NLP combines computational linguistics, machine learning, and deep learning models to process human language. Here’s a breakdown:
Computational Linguistics: This involves creating frameworks to help machines understand human language through syntactic and semantic analysis. It underpins tools like language translators and speech recognition software.
Machine Learning: This involves training a computer with sample data to improve its efficiency.
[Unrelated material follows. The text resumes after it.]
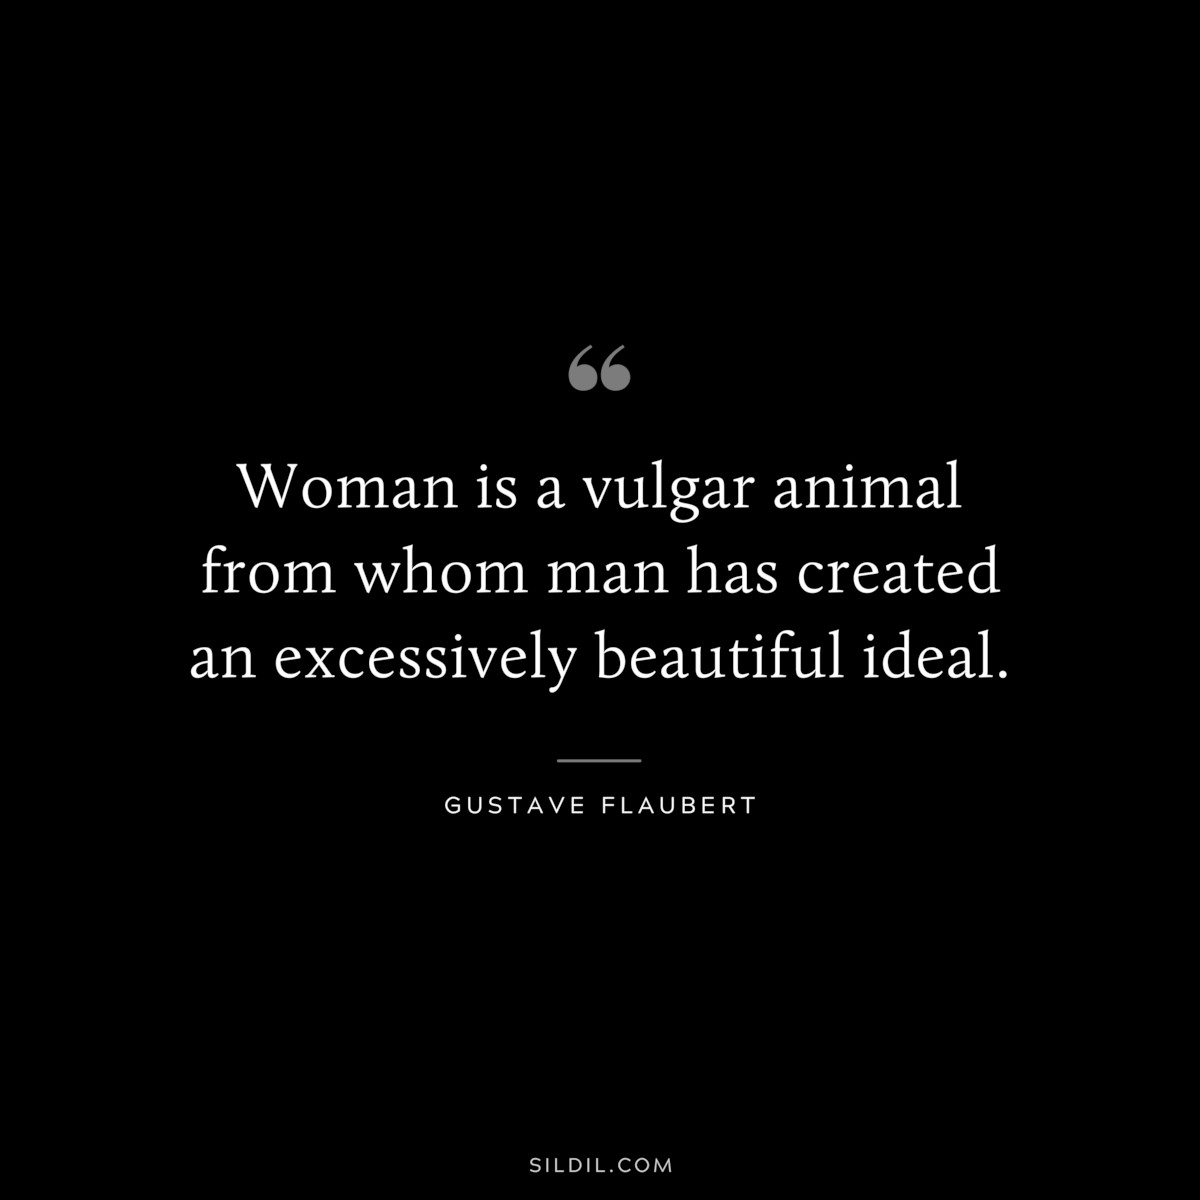 Woman is a vulgar animal from whom man has created an excessively beautiful ideal. ― Gustave Flaubert
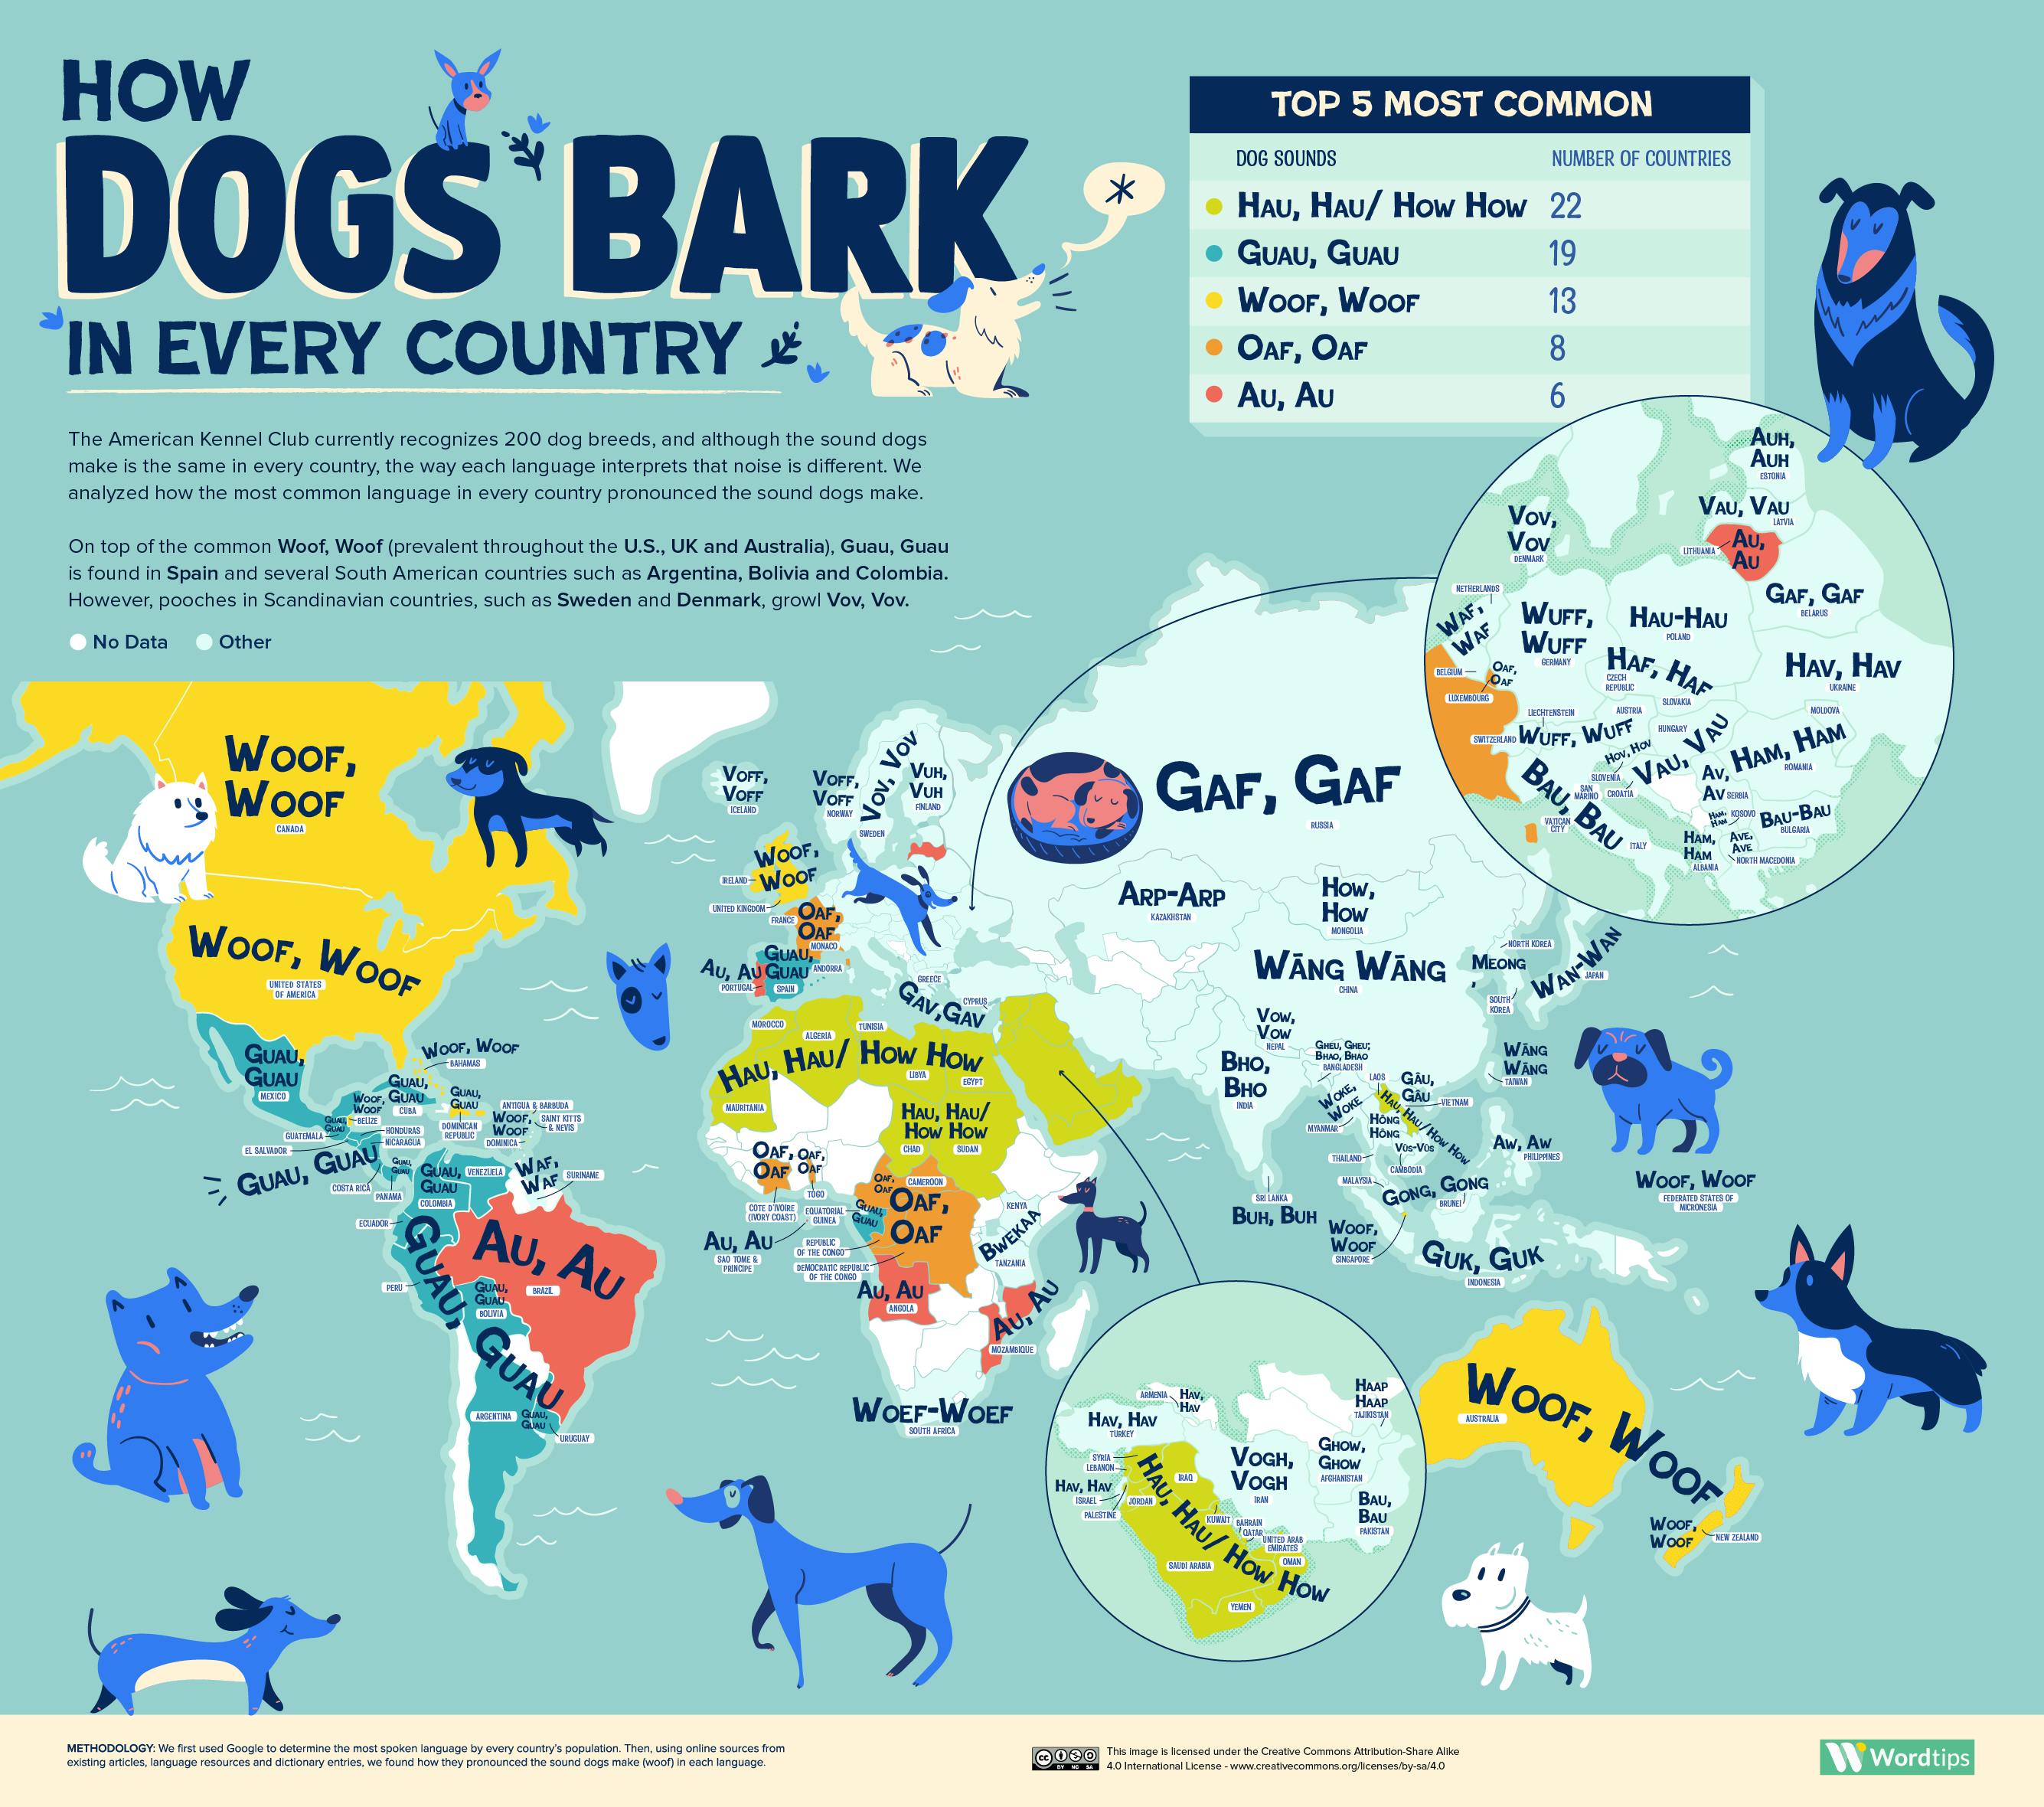 How Dogs Bark and Cats Meow in Every Country - Word Tips

NLP applications are taught to recognize and understand complex language features such as sarcasm, metaphors, and grammar exceptions.
Deep Learning: This specific field of machine learning uses neural networks to mimic human thinking, recognizing complex patterns in data to improve NLP applications.

NLP Implementation Steps

  1. Data Gathering and Preparation: Collect unstructured text or speech data from various sources.
  2. Pre-processing: Prepare the data using techniques like:
    • Tokenization: Breaking sentences into individual words or phrases.
    • Stemming and Lemmatization: Reducing words to their root forms (e.g., "starting" to "start").
    • Stop Word Removal: Eliminating common words that don't add significant meaning (e.g., "for", "with").
  3. Training: Using pre-processed data to train NLP models with machine learning, improving their accuracy over time.
  4. Deployment and Inference: Integrate the trained model into a production environment to process live data and generate the required outputs.

Common NLP Tasks

NLP tasks involve breaking down human text or speech into smaller, understandable parts for computer programs:
  • Part-of-Speech Tagging: Tagging words in a sentence based on their context (nouns, verbs, etc.).
  • Word-Sense Disambiguation: Identifying the correct meaning of a word based on context.
  • Speech Recognition: Converting voice data into text, handling accents, intonation, and grammar irregularities.
  • Machine Translation: Translating text or speech from one language to another while maintaining contextual accuracy.
  • Named-Entity Recognition: Identifying and categorizing unique names (people, places, etc.) in text.
  • Sentiment Analysis: Interpreting the emotional tone behind textual data.

Approaches to NLP

Supervised NLP: Training models with labeled data to produce correct outputs for new inputs.
Unsupervised NLP: Using statistical models to predict patterns in non-labeled input, such as suggesting relevant words in autocomplete features.
Natural Language Understanding (NLU): Analyzing the meaning behind sentences to find similar meanings and process words with different interpretations.
Natural Language Generation (NLG): Producing human-like conversational text based on keywords or topics, enhancing chatbot interactions to resemble human support.